Heat is escaping at a constant rate \([d Q / d t\) in \((1.1)\) is constant] through the walls of a long cylindrical pipe. Find the temperature \(T\) at a distance \(r\) from the axis of the cylinder if the inside wall has radius \(r=\mathrm{I}\) and temperature \(T=100\) and the outside wall has \(r=2\) and \(T=0\)

The heat equation is a vital part of understanding heat conduction, especially in solid objects like a cylindrical pipe. It describes how heat diffuses through a material. For a steady-state condition, where the temperature doesn't change over time, the heat equation in cylindrical coordinates is:

\[ \frac{d}{dr} \bigg(k r \frac{dT}{dr} \bigg) = 0 \]
The variable \( T \) represents temperature, \( r \) is the radial distance from the axis of the cylinder, and \( k \) is the thermal conductivity, which remains constant in this problem. When dealing with cylindrical coordinates, the equation expands to incorporate the cylindrical geometry, accounting for the curvature and radius. This form of the equation is essential for correctly modeling heat transfer in cylindrical objects.

Cylindrical coordinates are used for problems involving symmetrical geometries around a central axis, like pipes or cylinders. Instead of using \( x \), \( y \), and \( z \), cylindrical coordinates use \( r \) (radius), \( \theta \) (angle), and \( z \) (height). This simplifies the mathematics when dealing with cylindrical shapes.

In the heat equation given prior, \( r \) signifies the radial distance. We focus on how temperature varies with radius because angles (\( \theta \)) and height (\( z \)) are not significant in this problem. This reduction makes the problem one-dimensional, significantly simplifying our calculations.

A crucial concept in heat conduction is the temperature gradient, which describes how temperature changes with position. In our cylindrical problem, we are interested in how temperature \( T \) varies with the radius \( r \).

Using the heat equation, we introduce a substitution \( u = \frac{dT}{dr} \). This converts our differential equation into a simpler form: \[ \frac{d}{dr}(r u) = 0 \]
This transformation shows that the radial component multiplied by the temperature gradient remains constant. Solving this means integrating with respect to \( r \), giving us the general temperature profile. By integrating again and applying boundary conditions, we find the temperature distribution that adheres to the physical constraints of the system.

Boundary conditions are essential for solving differential equations as they provide specific values that the solution must satisfy at certain points. In this problem, the conditions given are:

• The temperature at the inside wall of the cylinder (radius \( r = 1 \)) is 100°C.
• The temperature at the outside wall of the cylinder (radius \( r = 2 \)) is 0°C.

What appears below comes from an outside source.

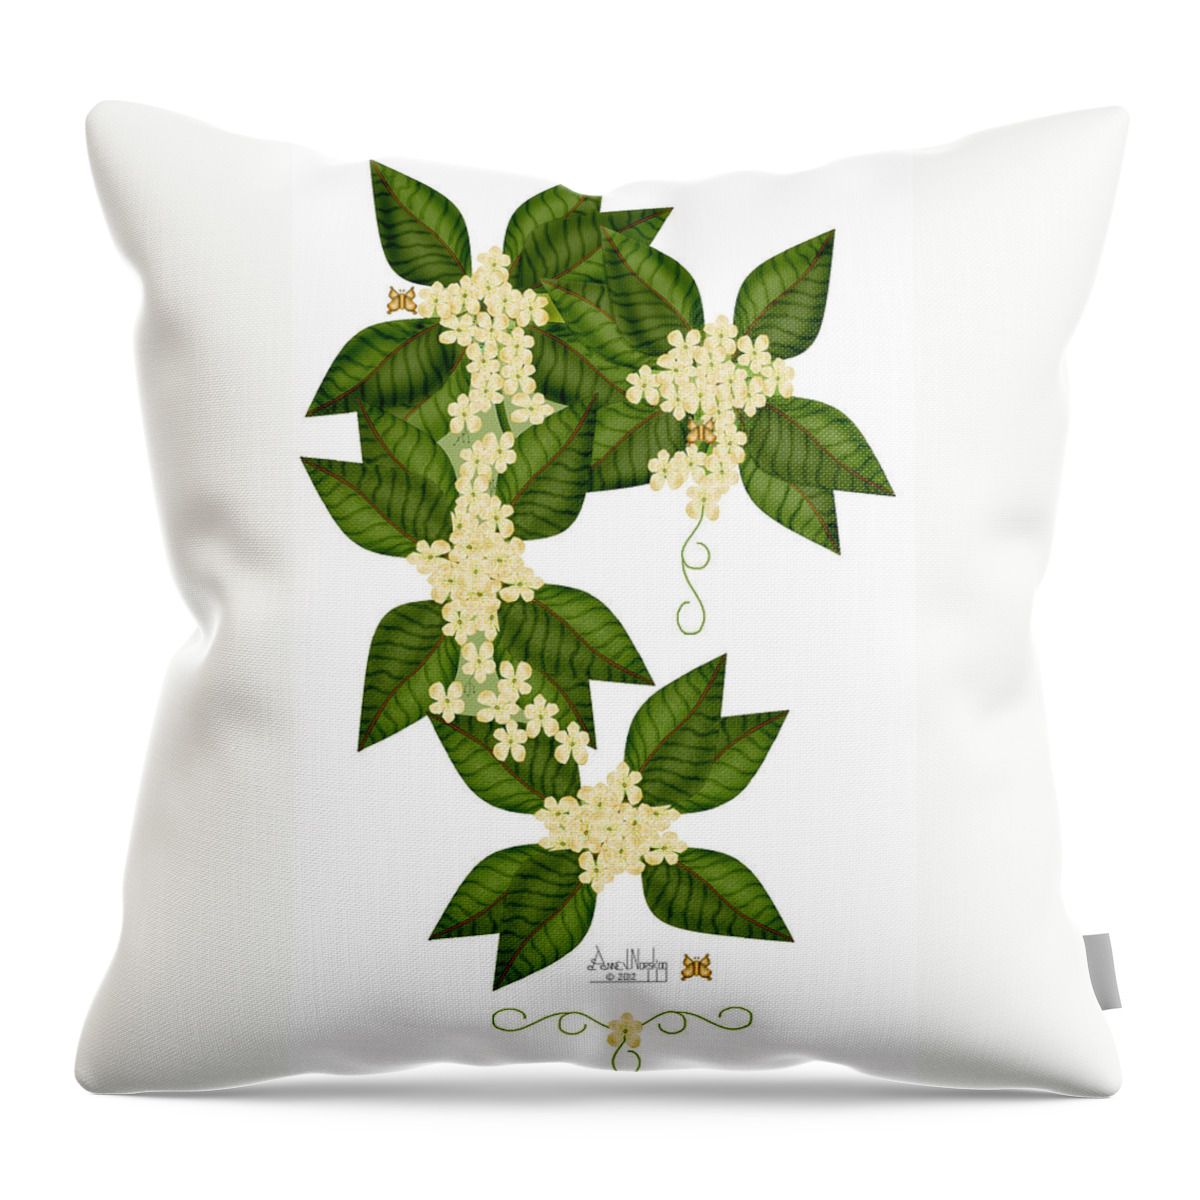 Anne Norskog Hand-drawn Digital Painting Throw Pillow featuring the painting English Laurel by Anne Norskog

Using these conditions helps determine the constants in the general solution of the differential equation. For \( r = 1 \), along with \( \text{ln}(1) = 0 \), we find that the integration constant \( D \) equals 100. For \( r = 2 \), setting \( T = 0 \) allows us to solve for the constant \( C \).

Applying these boundary conditions ensures our solution is physically meaningful, accurately depicting the temperature distribution within the cylindrical pipe.